Exposure to the rhinovirus, the most frequent cause of the common cold, can protect from the virus which causes COVID-19, research has found.
A new study by researchers at Yale University found that the common respiratory virus jump-starts the activity of interferon-stimulated genes – early-response molecules in the immune system which can halt replication of the SARS-CoV-2 virus within airway tissues infected with the cold.
Ellen Foxman, Assistant Professor of Laboratory Medicine and Immunobiology at the Yale School of Medicine and senior author of the study, said: “Triggering these defences early in the course of COVID-19 infection holds promise to prevent or treat the infection. One way to do this is by treating patients with interferons, an immune system protein which is also available as a drug. But it all depends upon the timing.”
The results have been published in the Journal of Experimental Medicine.
Previous work has shown that, at the later stages of COVID-19, high interferon levels correlate with worse disease and may fuel overactive immune responses. However, recent genetic studies show that interferon-stimulated genes can also be protective in cases of COVID-19 infection.

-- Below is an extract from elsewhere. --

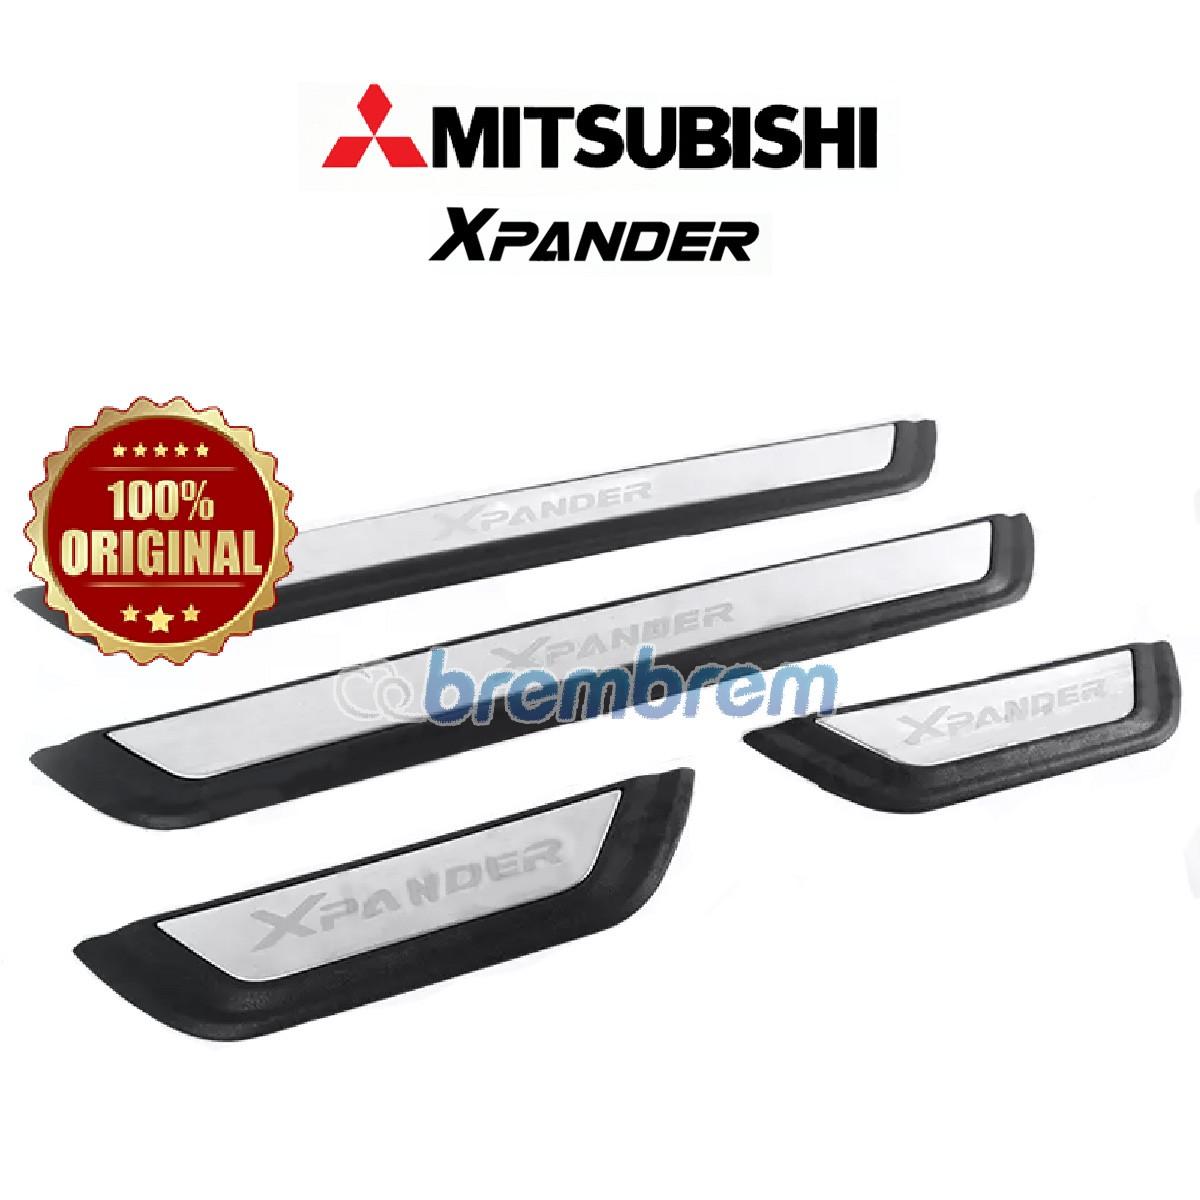 SILLPLATE MITSUBISHI XPANDER WITH NON LAMP

Foxman’s lab wanted to study this defence system early in the course of COVID-19 infection.
Triggering defence systems
Since earlier studies by Foxman’s lab showed that common cold viruses may protect against influenza, they decided to study whether rhinoviruses would have the same beneficial impact against the COVID-19 virus. For the study, her team infected lab-grown human airway tissue with SARS-CoV-2 and found that, for the first three days, viral load in the tissue doubled about every six hours. However, replication of the COVID-19 virus was completely stopped in tissue which had been exposed to rhinovirus. If antiviral defences were blocked, the SARS-CoV-2 could replicate in airway tissue previously exposed to rhinovirus.

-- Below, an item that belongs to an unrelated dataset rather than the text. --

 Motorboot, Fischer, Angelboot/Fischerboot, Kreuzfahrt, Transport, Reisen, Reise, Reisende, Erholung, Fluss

The same defences slowed down SARS-CoV-2 infection even without rhinovirus, but only if the infectious dose was low, suggesting that the viral load at the time of exposure makes a difference in whether the body can effectively fight the infection.
The researchers also studied nasal swab samples from patients diagnosed close to the start of infection. They found evidence of rapid growth of SARS-CoV-2 in the first few days of infection, followed by activation of the body’s defences. According to their findings, the virus typically increased rapidly for the first few days of infection, before host defences kicked in, doubling about every six hours as seen in the lab; in some patients the virus grew even faster.
“There appears to be a viral sweet spot at the beginning of COVID-19, during which the virus replicates exponentially before it triggers a strong defence response,” Foxman said.
Interferon treatment holds promise but it could be challenging, Foxman said, because it would be mostly effective in the days immediately after infection, when many people exhibit no symptoms. In theory, interferon treatment could be used prophylactically in people at high risk who have been in close contact with others diagnosed with COVID-19. Trials of interferon in COVID-19 are underway, and so far show a possible benefit early in infection, but not when given later.
Foxman said that the findings may explain why, at times of year when colds are common, rates of infections with other viruses such as influenza tend to be lower. There are concerns that, as social distancing measures ease, common cold and flu viruses – which have been dormant over the past year – will come back in greater force. Interference among respiratory viruses could be a mitigating factor, creating an “upper limit” on the degree to which respiratory viruses co-circulate, she said.
“There are hidden interactions between viruses that we don’t quite understand, and these findings are a piece of the puzzle we are just now looking at,” Foxman said.